The benefit to the conductor of knowing your band
In the course of my conducting career, I have encountered many, many different kinds of ringers – and personalities. Even if you give what you believe is the best possible advice, some ringers don’t appear to be able to act on it – and, at times, you suspect that some choose not to.
I am happier when I am ringing with people I know, because I have some idea what to expect, what to tell them, and can maintain a good relationship afterwards. If I don’t know them, I have to establish some sort of credibility, maybe assertiveness and, inevitably, sometimes upset people. Sometimes I have to raise my voice to insist, because ringing doesn’t allow time for niceties.

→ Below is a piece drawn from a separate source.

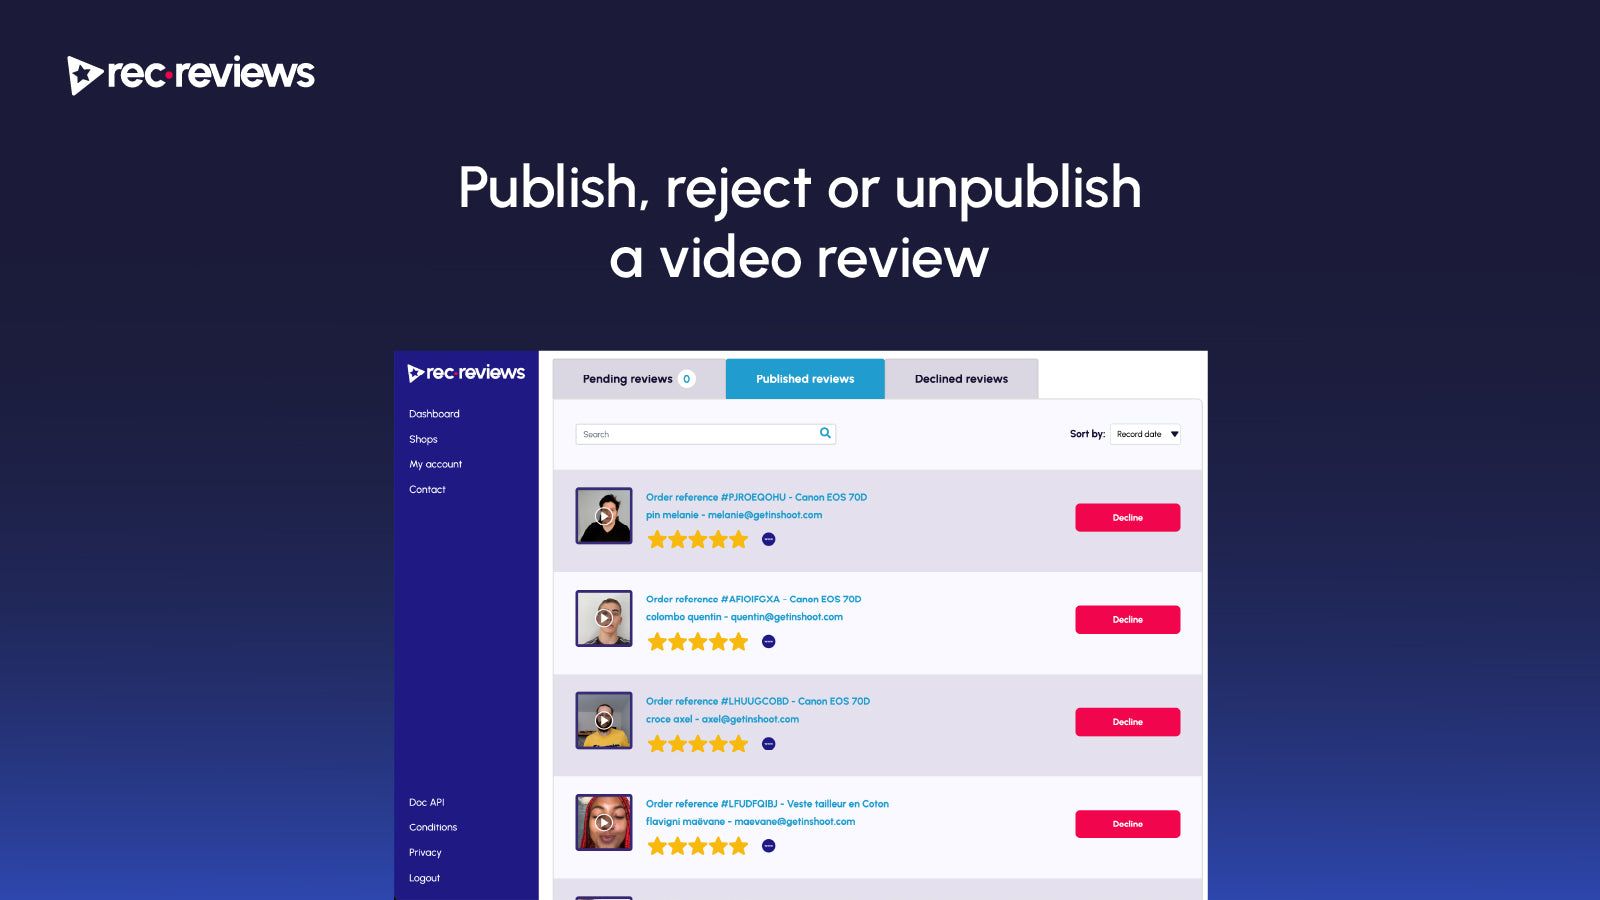 Publish, reject or unpublish a video review

Now, I am not in any sense recommending that you emulate this. I am merely pointing out that these are some of the difficult practical situations that you can encounter when you are conducting, and you need to give serious thought to how you handle them. The ideal situation is when you are with your own band. You should have an idea of the competence of each individual, and how best to correct them when they go wrong. But do you ever ask them how helpful your corrective advice is? Can they hear you? Can they understand you? Are they stressed or nervous? Is there a problem you can talk through to resolve their difficulties? Do they respect you? Do they resent you? Are they envious? Are some fearful that they are at the limits of their competence and don’t want the band to progress further? The bottom line is: what do you do when you put someone right and they don’t appear to act on it?
Conducting is not easy. It is technically difficult. It is about communication …. motivation ……. management. Have a think about some of these issues; but above all, relate them to your own circumstances and your own personality.
Conducting is like being a competent taxi driver! You need to be very familiar with driving (ringing) skills and the road (method) so that you can concentrate almost exclusively on the real job in hand. And, like taxi driving, you can set yourself tasks in abstract (how to get from A to B, how to call and transpose a touch).
But you put your finger on the key issue: how to communicate instructions effectively. I am much happier when I am ringing with people I know. First, you know what to expect of them – some people are real triers but haven’t quite got it, whereas others find it too easy, yet don’t give the support you want. They differ in the information they need. No point telling someone who to course if they do not understand the concept of a course bell. It may be that you can educate those you ring with regularly on some of these issues: it is only reasonable that they should respond to instructions you can give, rather than you being obliged to give different instructions!
I used to be infuriated by some ringers who wanted to know in (say) Cambridge, which place bell they were, whereas I wanted to tell them (a) dodge with treble; (b) in 5-6 places up and finally, (c) that they were near the end of 6ths place bell! It may be worth having conversations of that kind.
I am worried about putting the wrong person right
You will occasionally put the wrong person ‘right’. I’ve done this. We all do. It’s embarrassing but most people understand that conductors do make mistakes too – they are just more obvious and far-reaching than the average ringer’s mistakes! Make that point if you get any criticism. If necessary remind people that if they did not go wrong you would not have to say anything! JC
People who never take on the responsibility of conducting are in no position to criticise those that do. And if you mis-conduct in terms of putting the wrong person right, in many cases had you not intervened it might have fired up anyway.